Врач Рагин тоскует о бессмертии и чувствует бессилие человека заменить идею бессмертия какою-либо другой.

Полезно ещё раз отыскать в памяти слова Достоевского: Без высшей идеи не существует ни человек, ни нация. А верховная мысль на земле только одна и конкретно — мысль о бессмертии души людской, потому что все остальные высшие идеи судьбы, которыми возможно жив человек, только из неё одной вытекают. Любовь к человечеству кроме того совсем немыслима, непонятна и совсем неосуществима без совместной веры в бессмертие души людской.
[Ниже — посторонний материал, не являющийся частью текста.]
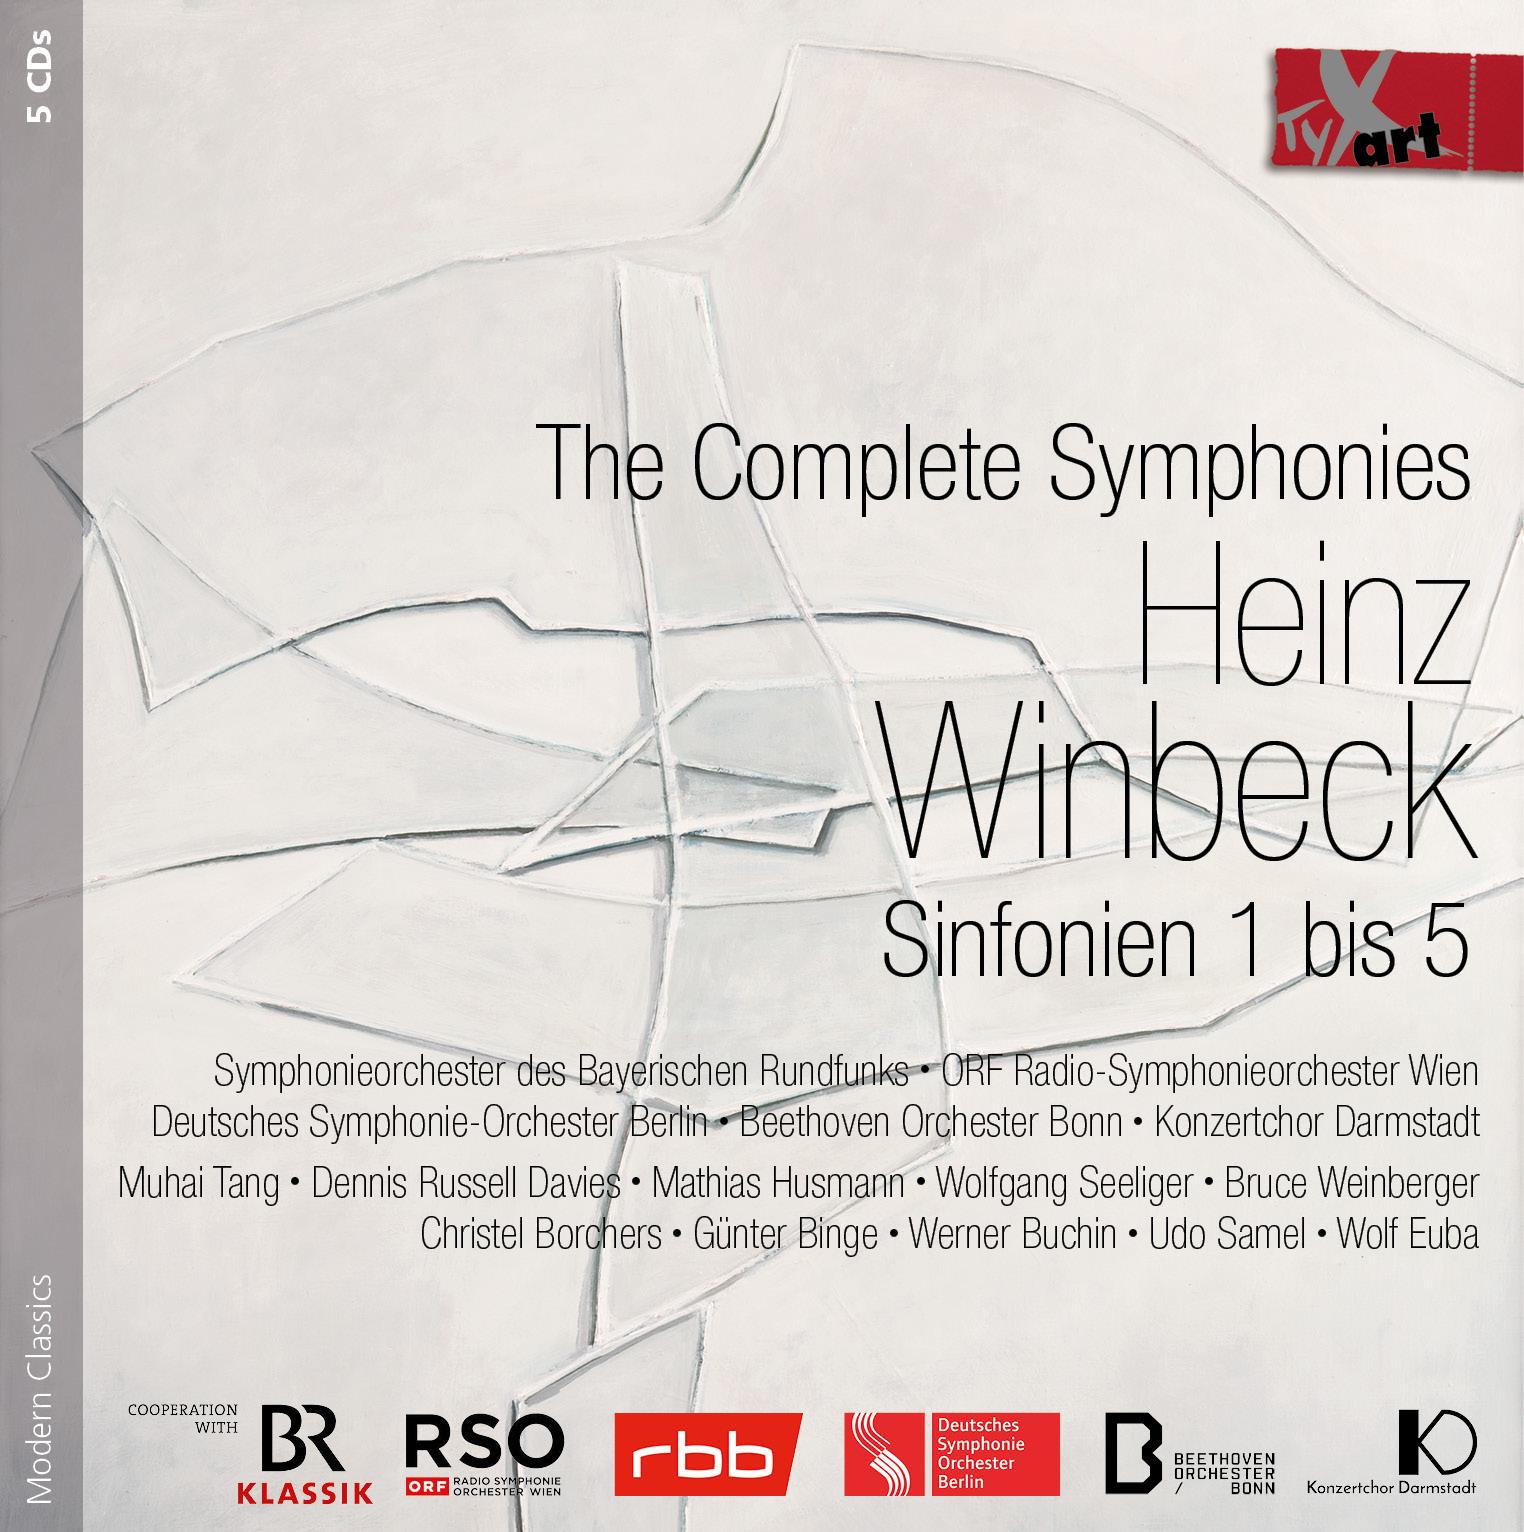 Heinz Winbeck - Sämtliche Sinfonien (1-5)

Те же, каковые, забрав у человека веру в его бессмертие, желают заменить эту веру, в смысле высшей цели судьбы, любовью к человечеству, те, говорю я, подымают руки на самих же себя; потому что вместо любви к человечеству насаждают в сердце утратившего веру только зародыш неприязни к человечеству. …В следствии ясно, что суицид, при утрата идеи о бессмертии, делается идеальной и неизбежною кроме того необходимостью для всякого человека, чуть-чуть вставшего в собственном развитии над скотами. Наоборот, бессмертие, давая слово вечную судьбу, тем крепче связывает человека с почвой.

А ведь о Чехов и том (отыщем в памяти ещё раз) рассуждал: без сознания высших целей остаётся лишь хватить лбом об угол сундука…
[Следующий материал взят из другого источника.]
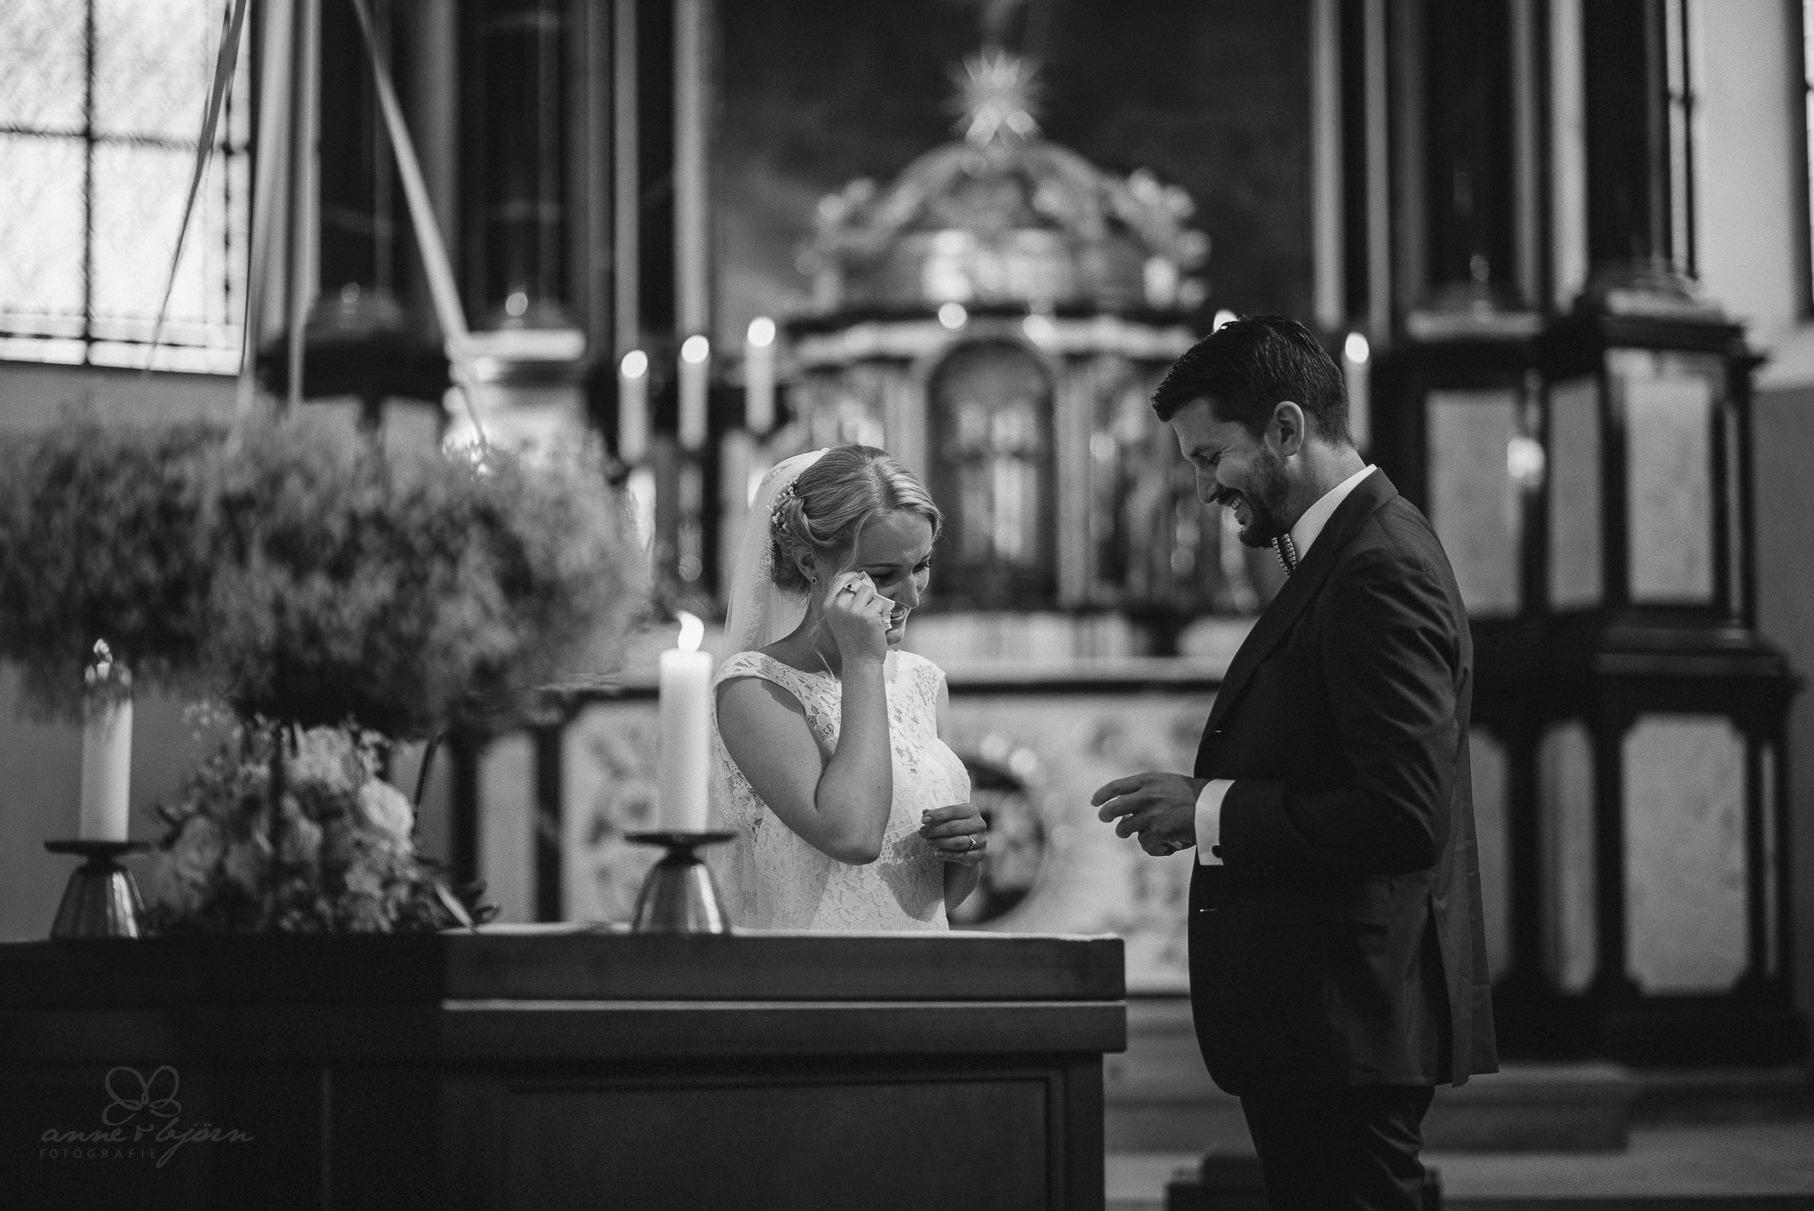 0049 anne und bjoern hochzeit schweiz d75 0090 - DIY Hochzeit in der Schweiz - Sabrina & Christoph

Негромкий врач Рагин до неприязни к человечеству не дошёл, но остановился на полном равнодушии к смерти и жизни. Он принадлежит к тому разряду людей, о которых в Исповеди писал Толстой (относя к нему в какой-то момент и себя) и каковые находят выход только в том, дабы, осознавая зло и бессмысленность судьбы, тянуть её, зная вперёд, что ничего из неё выйти не имеет возможности. Рагин, последовательно следуя собственному безверию, доходит до пассивного безразличия к страданиям человеческим — и таковой логикой оправдывает себя.

Принципиально важно еще подметить: сам Чехов вовсе не владел тем равнодушием к чужим страданиям, которое исповедует и осуществляет на практике его персонаж. Следовательно, безверие, в случае, если и коснулось его, не отыскало в его душе питательной базы. В Палате № 6 автор убедительно раскрыл губительность для жизни по большому счету пессимизма и идей безверия. О повесть и том.

Не находя в жизни никакого смысла, врач начинает видеть в ней только комплект тщетных случайностей. И это неизбежно: последовательное противоположное миропонимание может основываться только на вере в Промысл.

Всё зависит от случая, — рассуждает Рагин в беседе с Громовым. — Кого посадили, тот сидит, а кого не посадили, тот гуляет, вот и всё. В том, что я врач, а вы душевнобольной, нет ни нравственности, ни логики, а одна лишь безлюдная случайность.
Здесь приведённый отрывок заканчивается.